Hibernate performance
Hibernate is a great Object Relational Mapping (ORM) library for accessing data in a relational database. It is one of the leading implementations of Java Persistence (formerly known as JPA). Using JPQL (based on HQL, which is still a nice syntax guide) one can access and update the data in the database through your ORM objects in a simplified SQL way. However, when implemented incorrectly one can run into serious performance problems. They can all be avoided though. Here are some important things to consider to make your queries performant.
Below you will find two examples of common cases that may run into performance problems, and how to fix them. We use a simple Company-Employee data model as depicted below.
Eager vs. Lazy
Here is an example of implementing a 1:N relation.
@MappedSuperclass
public abstract BaseEntity {
@Id
@GeneratedValue
@Type(type = "uuid-char")
@Column(length = 36)
private UUID id;
public UUID getId() {
return id;
}
@Override
public boolean equals(Object obj) {
if (this == obj) return true;
if (obj == null) return false;
if (obj instanceof BaseEntity) {
BaseEntity other = (BaseEntity) obj;
if (other.id == null) return false;
return other.id.equals(id);
}
return false;
}
@Override
public int hashCode() {
return id != null ? id.hashCode() : 0;
}
}
@Entity(name = "Company")
public class Company extends BaseEntity{
@Column(length = 100, nullable = false)
public String name;
@OneToMany(mappedBy = "company", targetEntity = Employee.class) // default Lazy
public List<Employee> employees;
}
@Entity(name = "Employee")
@NamedQueries({
@NamedQuery(name = "findEmployeesSimple",
query = "from Employee where yearOfBirth >= :yearOfBirth"),
@NamedQuery(name = "findEmployeesPerformant",
query = "select em, co from Employee em join em.company co" +
" where em.yearOfBirth >= :yearOfBirth")
})
public class Employee extends BaseEntity {
@Column(length = 100, nullable = false)
public String firstName;
@Column(length = 100, nullable = false)
public String lastName;
@Column(length = 100, nullable = false)
public String email;
@Column(precision = 4)
@Index(name = "ix_year_of_birth")
public int yearOfBirth;
@ManyToOne(fetch = FetchType.LAZY) // NB Lazy, this is important!

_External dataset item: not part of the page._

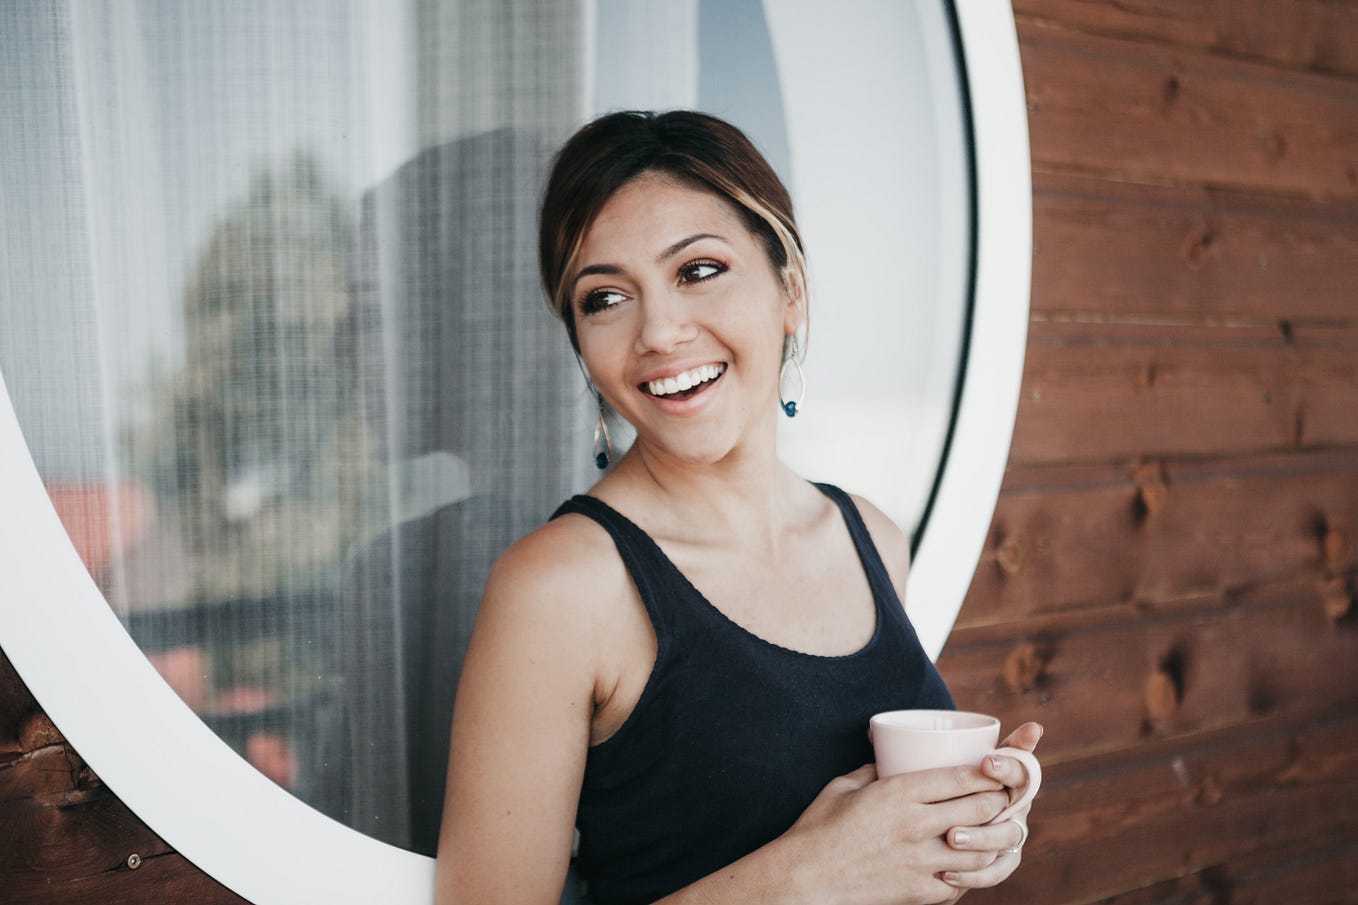 Woman leaning against a window with a mug in her hand and a smile on her face.

@JoinColumn(foreignKey = @ForeignKey(name = "fk_employee_company"))
public Company company;
}
Now notice the @ManyToOne(fetch = FetchType.LAZY)
. By default this is set to EAGER
, which makes that the associated company
is loaded when the employee
is loaded.
However, when doing bulk queries like findEmployeesSimple
one runs the risk of bad performance.
The ORM library may then execute an individual query to load the company
for each employee
found.
So when N employee
records are found, N + 1 queries are executed.
When setting fetch = FetchType.LAZY
and using the findEmployeesPerformant
query this will not happen.
It will then execute just one query.
Notice you now end up with a result list of type Object[]
objects, containing Employee
and Company
consecutively.
It is your job to make it a list of type List<Employee>
with its company
fields set, ad vice versa company.employee
set as well.
However, this should be much faster than running N + 1 queries. Here is an example on how to do that.
List<Object[]> emcos = query.list();
List<Employee> employees = new ArrayList<>();
for (Object[] emco : emcos) {
var em = (Employee) emco[0];
var co = (Company) emco[1];
em.company = co;
if (co.employees == null) {
co.employees = new ArrayList<>();
}
co.employees.add(em);
}
NB 1. Newer versions of the ORM library may have better optimizers so that findEmployeesSimple
does execute just one query.
But for more complex bulk queries it probably never will.
So to ensure good performance one would better choose the findEmployeesPerformant
approach pre-emptively.
NB 2. Do not forget to invoke Employee.company
before the transaction has ended for a single employee
record loaded from the database.
Else you will get a LazyInitializationException
when accessing Employee.company
later on.
Big IN clause
Consider the scenario in which you have a large list of names in a List<String> names
object.
And now you want to find all employees with a last name that is in that list.
The following query would the be convenient:
@NamedQuery(name = "findEmployeesByName",
query = "from Employee where lastName in (:names)")
Invoking this query with names
as a parameter will work.
But when the list becomes larger than some database specific max (or is it an ORM library max?), usually somewhere around 1000, performance problems may arise.
It turns out that when the list is smaller than this max it will be executed as just one query.
But when it is larger it may result in one query for each individual name in the list, so we get N queries, with N being the size of the list.
To prevent this one can chunk the list into chunks with a size smaller than the max, eg. max - 1.
Then we have N / (max - 1) queries. Next concatenating the separate result lists should not be a problem.